When you don’t want to allow them access, they project their insecurities onto you, making you feel rude, mean, and as if you alienated them. This is all to get you to crawl back and let them trample your threshold.
If you push your partner past what they are comfortable with, you should ask yourself whether you are doing it because you love them or to get a hold of them, in which case, you are love bombing them.
5 Steps to Eliminate Love Bombing Behavior
Looking at the signs above, you may have discovered an ugly side to yourself that you were unaware of if you’ve been unintentionally love bombing your partner.
You may also face a grim reality that you’ve been personally insecure, and you’ve used love bombing to manipulate your partner into feeding your needs.
Follow these steps to stop love bombing behavior:
Step 1: Learn What Genuine Love Is
Knowledge is power, and your first step to stop love bombing someone you care about is to learn what genuine love is and how love bombing is not the same thing.
Knowing the difference between love bombing and genuine love is how you start working through your relationship issues and break the cycle of manipulation.
Love bombing is about backing your SO into a corner, so they feel alone, owe you for your love, and are only good enough because you say so. Can you see how this is not what love is about?
Genuine love is about sharing without any thought for future gain.
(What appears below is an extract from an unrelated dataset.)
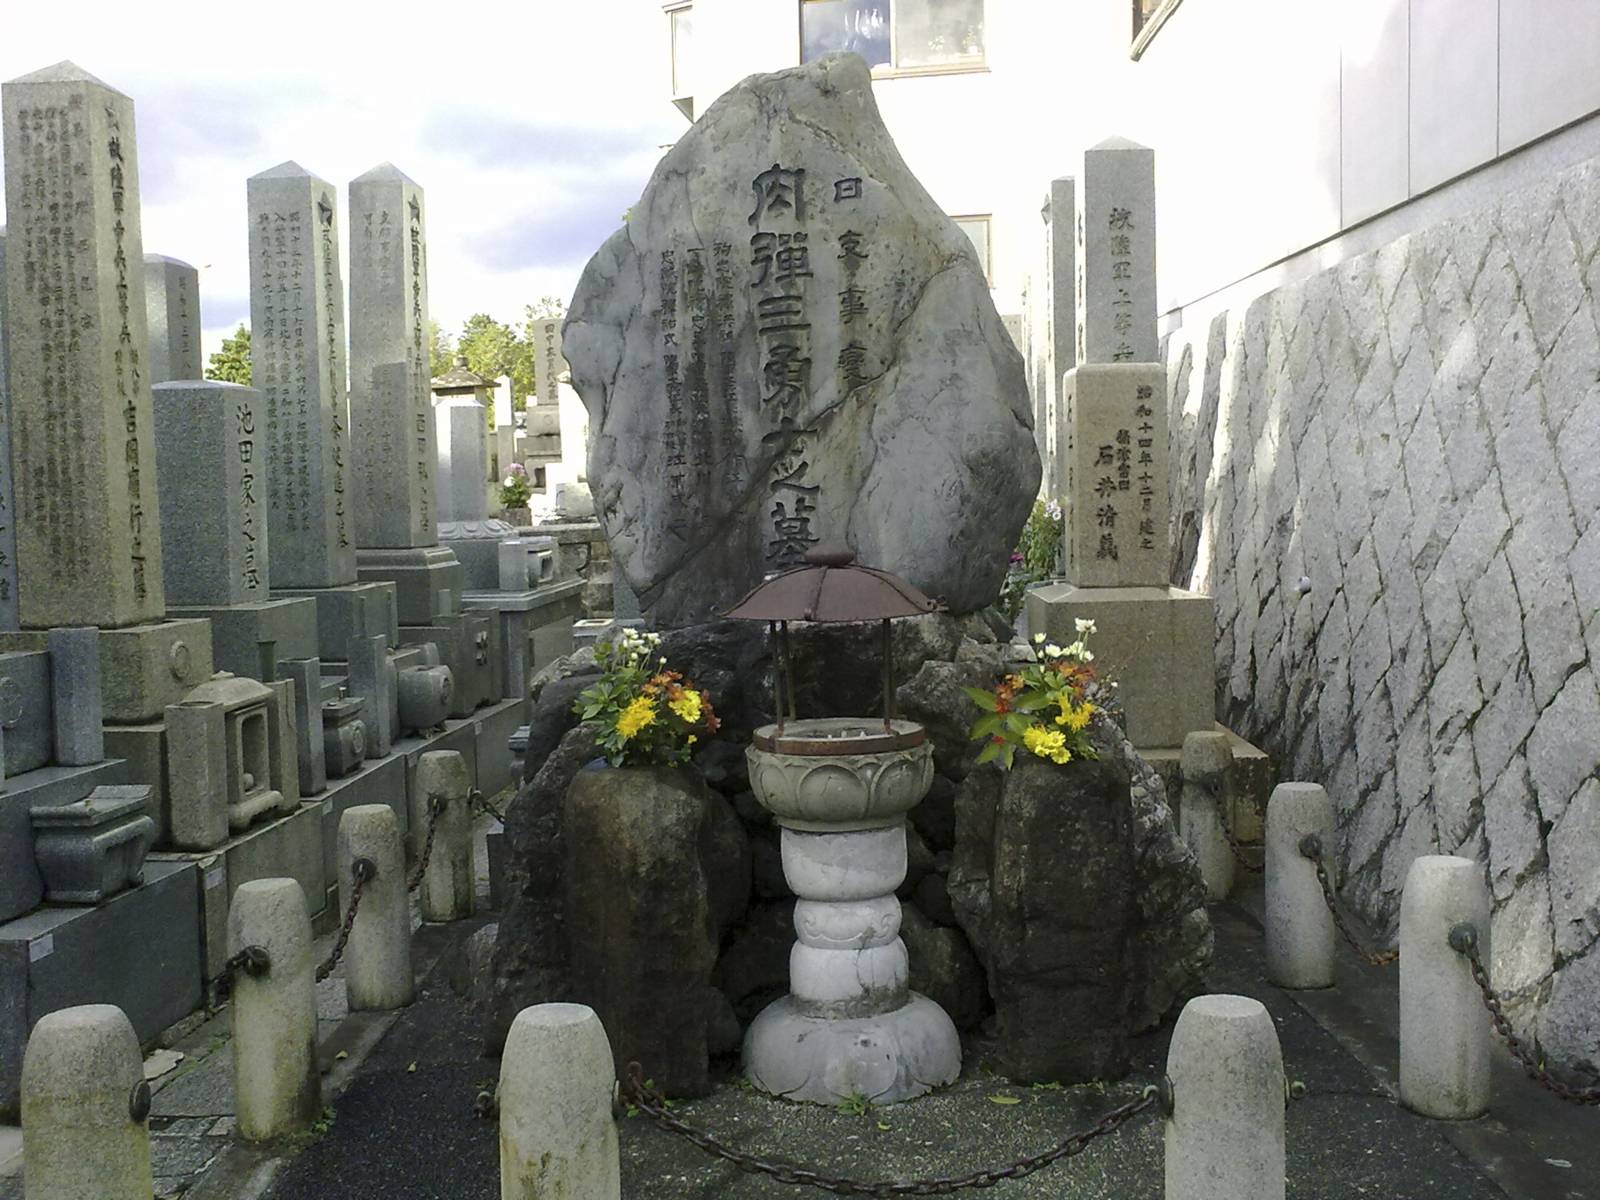 Giappone-japan-kyoto-cemetery-pietra-funeraria

You give gifts because you want your SO to feel as amazing as you see them as.
When you’ve given a gift or paid a compliment, you immediately put it from your mind, never using it as leverage over your partner.
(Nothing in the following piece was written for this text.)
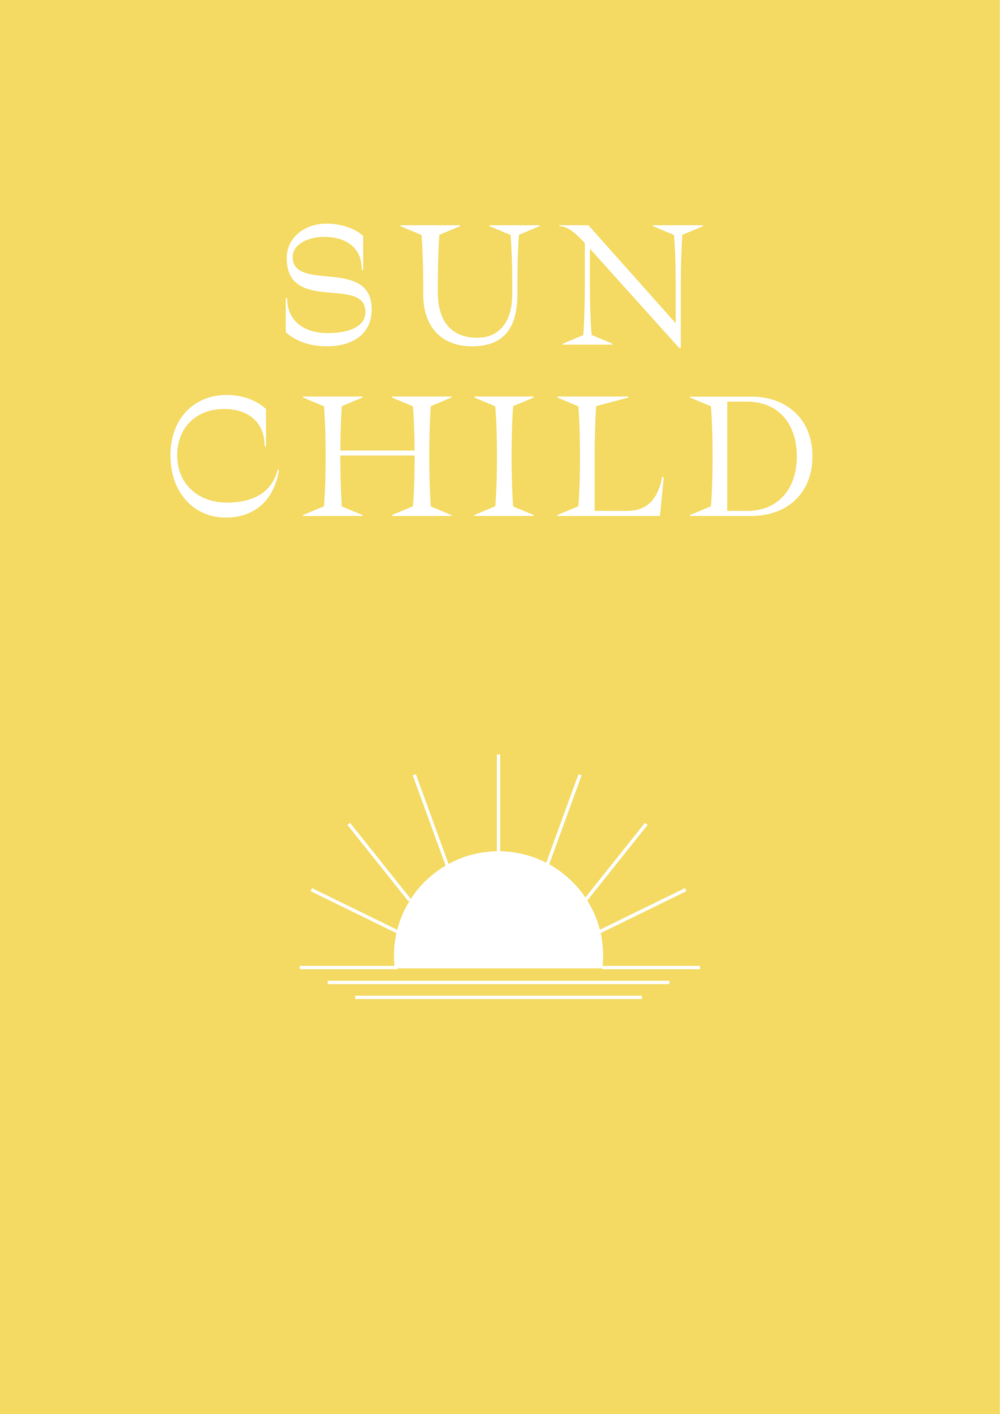 Sun Child // Phylleli Design Studio and Blog

Actions to Decide If You Are Love Bombing:
The first step is knowing whether you have a problem, so think about a recent gift or compliment you shared with your SO.
Did you do it with some sense of it “getting something” from your partner? Write down why you gave or praised or did favors. Now reflect on what you wrote. Did you give a gift from the heart, or did you have a plan when you gave it?
If you’ve shared and praised while intending for there to be some benefit to you, then you are a love bomber, and you need to take the following steps to stop love bombing and lead a genuine relationship with your SO.
Remember that a genuine and unintentional love bomb is often an expression of wanting to spend quality time together, affirm your partner, seeking physical closeness, and engaging in acts of service to help them.
Giving gifts that are given without a second thought indicates real love.
Step 2: Become Aware When You Love Bomb (Learn the Signs)
When you are self-aware, you can change your behavior. However, if you never realize you love bomb until it’s too late, you can’t change your behavior or habits. So develop awareness of your love bombing instincts.
These habits may crop up when you least expect them. And the only way you can change is to see yourself clearly. This means knowing what triggers you to love bomb people.
Actions to Seeing When You Love Bomb:
Like an alcoholic who drinks because he feels upset at work, you need to really create inner awareness and find what makes you love bomb.
Once you spot your triggers, you can make real progress to stop this harmful behavior. Start by keeping a journal of each day’s social interactions.
When you see signs that you’ve love bombed (or have been love bombed), you need to note these and check how often they happen. Start looking for patterns that lead to love bombing.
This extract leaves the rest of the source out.